Neun Tonnen, durch die Ketten fein verteilt

Jeden Abend müssen Konrad Witsch und seine Kollegen von den Bergbahnen Kühtai mehr als 40 Pistenkilometer auf Vordermann bringen. Sobald der letzte Lift den Betrieb einstellt, geht es los. Die Schicht dauert meistens bis halb elf, Überstunden sind keine Seltenheit. Witschs Arbeitsgerät ist ein Kässbohrer Pisten-Bully. Der P300 misst von der Frontschaufel bis zum Planierschild mehr als zehn Meter und bringt in voller Montur neun Tonnen auf die Waage. Eigentlich müsste er ja im lockeren Pulverschnee versinken wie ein Stein. Doch auch wer im Physikunterricht immer nur die Kreide geholt hat, weiß: Wenn man das Gewicht gut genug verteilt, gibt’s kein Problem. Die riesigen Kettenbänder verteilen neun Tonnen so großflächig, dass pro Quadratzentimeter nur das Gewicht eines Hühnereis auf dem Schnee lastet.

Der 330 PS-Diesel treibt voran

Wir starten den Selbstversuch. Über die 1,5 Meter breiten Ketten erklimmt man den Kommandostand der Raupe. Die Augen werden groß: So viele Knöpfe! Immerhin hat der Kässbohrer Pisten-Bully eine Art Lenkrad. Es sieht aus wie das Steuerhorn einer Cessna. Die Heizung läuft auf vollen Touren, der Jagertee dampft im Getränkehalter und 330 Diesel-PS brummeln erwartungsfroh vor sich hin. Konrad Witsch, der Tiroler mit dem wettergegerbten Gesicht und Pistengeräteführer aus Leidenschaft, wacht auf dem Beifahrersitz. Witsch ist außerdem Schneemeister und kümmert sich um die Schneekanonen im Kühtai.
 
"Na hopp, aufi geht’s", ruft Witsch. Für unsere ersten Fahrversuche hat er einen flachen Hang gewählt, auf dem sich gerade keine Skifahrer befinden – sicher ist sicher. Die linke Hand umgreift das Steuerhorn, mit dem man die Ketten bedient. Eine Pistenraupe lenkt wie ein Panzer nach rechts oder links, indem die Ketten mit unterschiedlichem Tempo bewegt werden.

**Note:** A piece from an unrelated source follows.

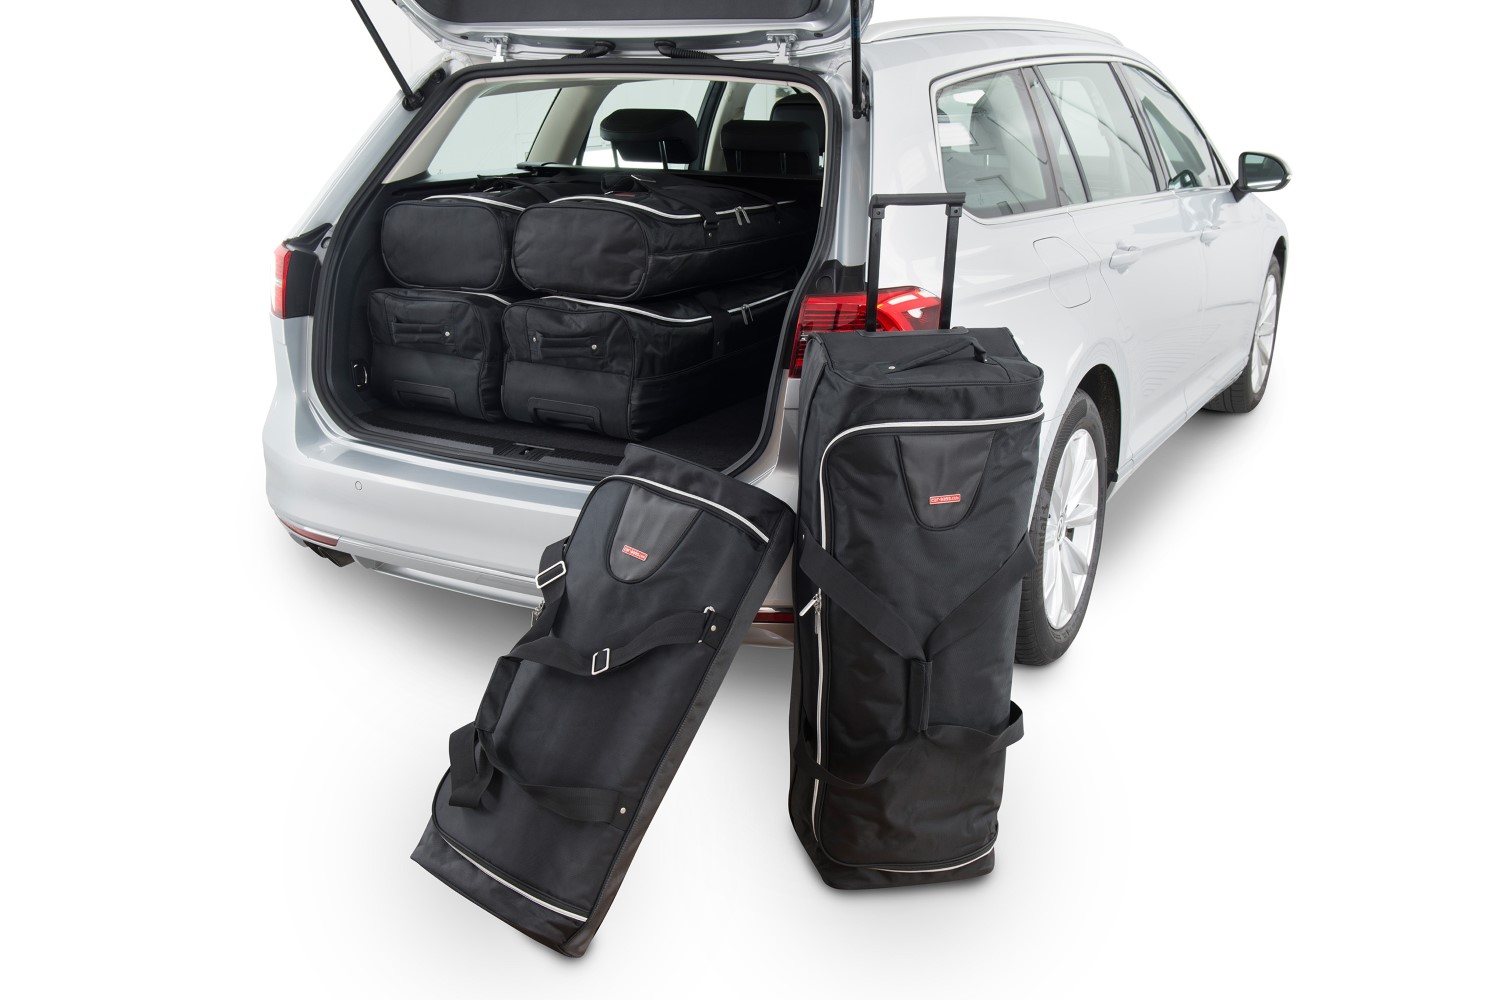 Gallantry Feeling Induce Travel bags tailored for your car - Car-Bags.com
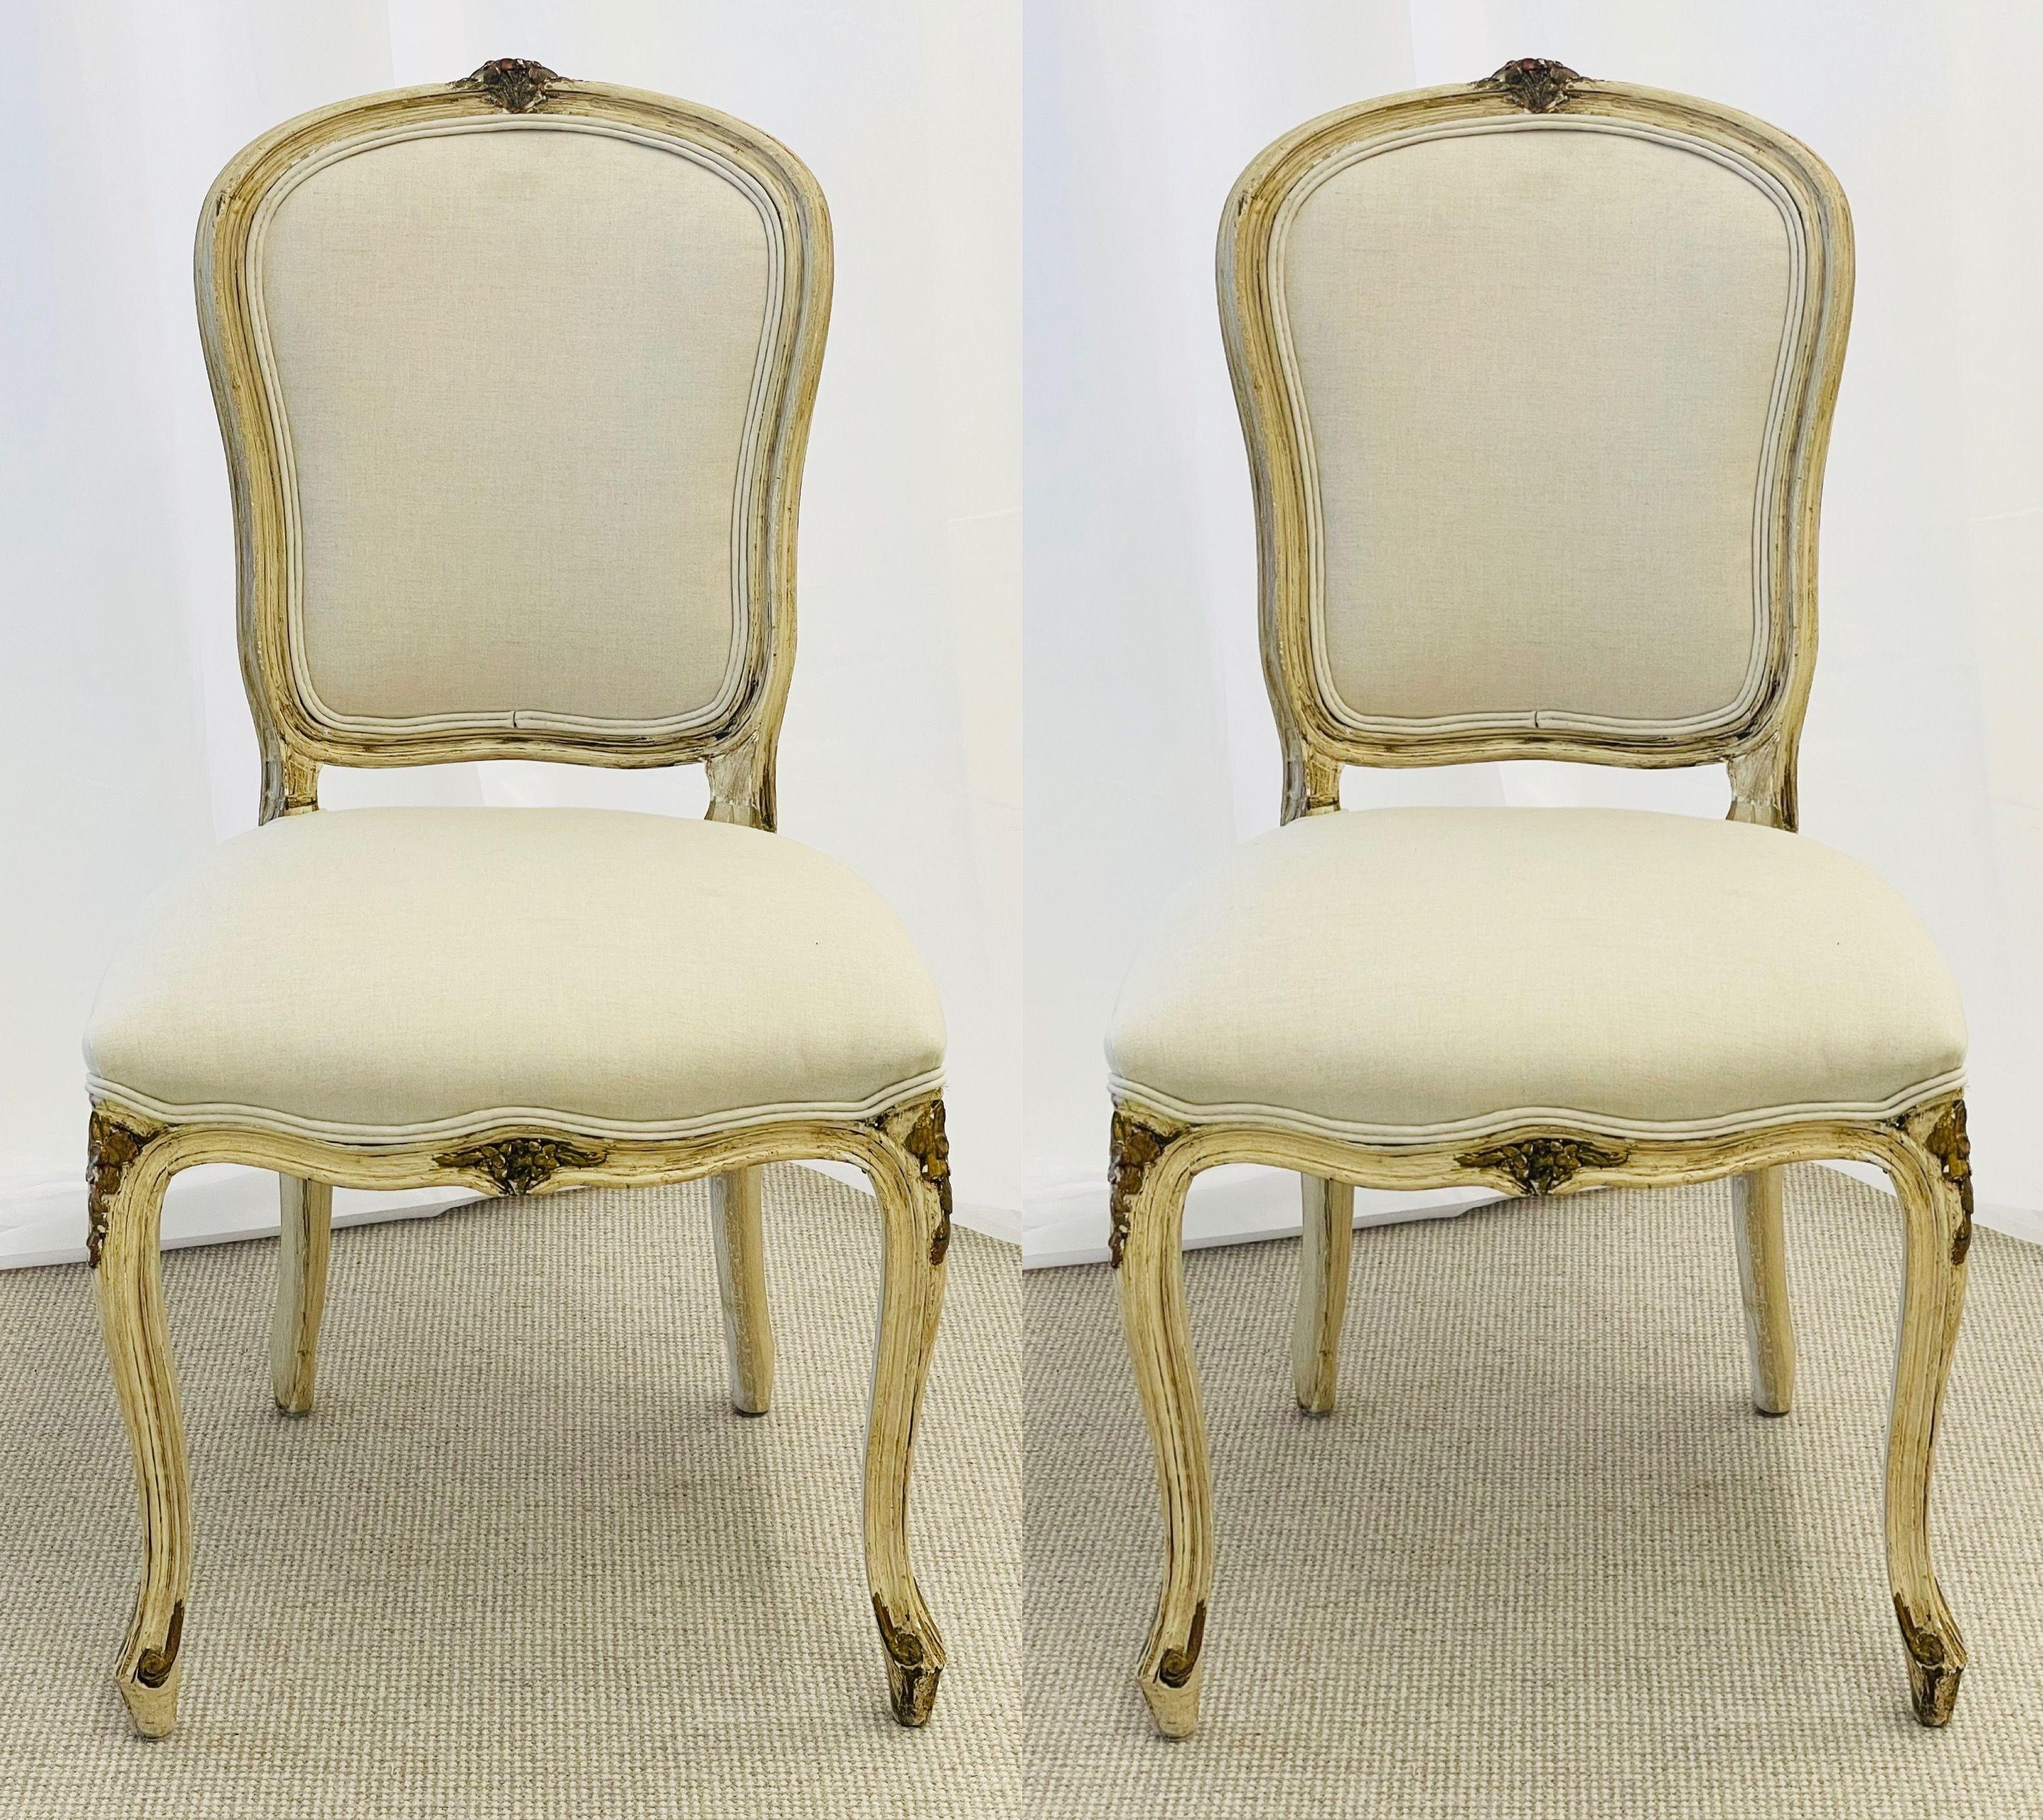 Maison Jansen, Gustavian, Dining Chairs, Ivory Painted Wood, White Fabric, 1940s For Sale 2

Die rechte Hand ruht auf den zwei wichtigsten Hebeln der Raupe: Einer steuert die Frontschaufel, der andere die Walze und das Planierschild am Heck. Die Fräswelle zermahlt den Schnee samt Eisbröckchen so fein, dass das Planierschild nur noch glätten muss. Fertig ist die perfekte Skipiste. 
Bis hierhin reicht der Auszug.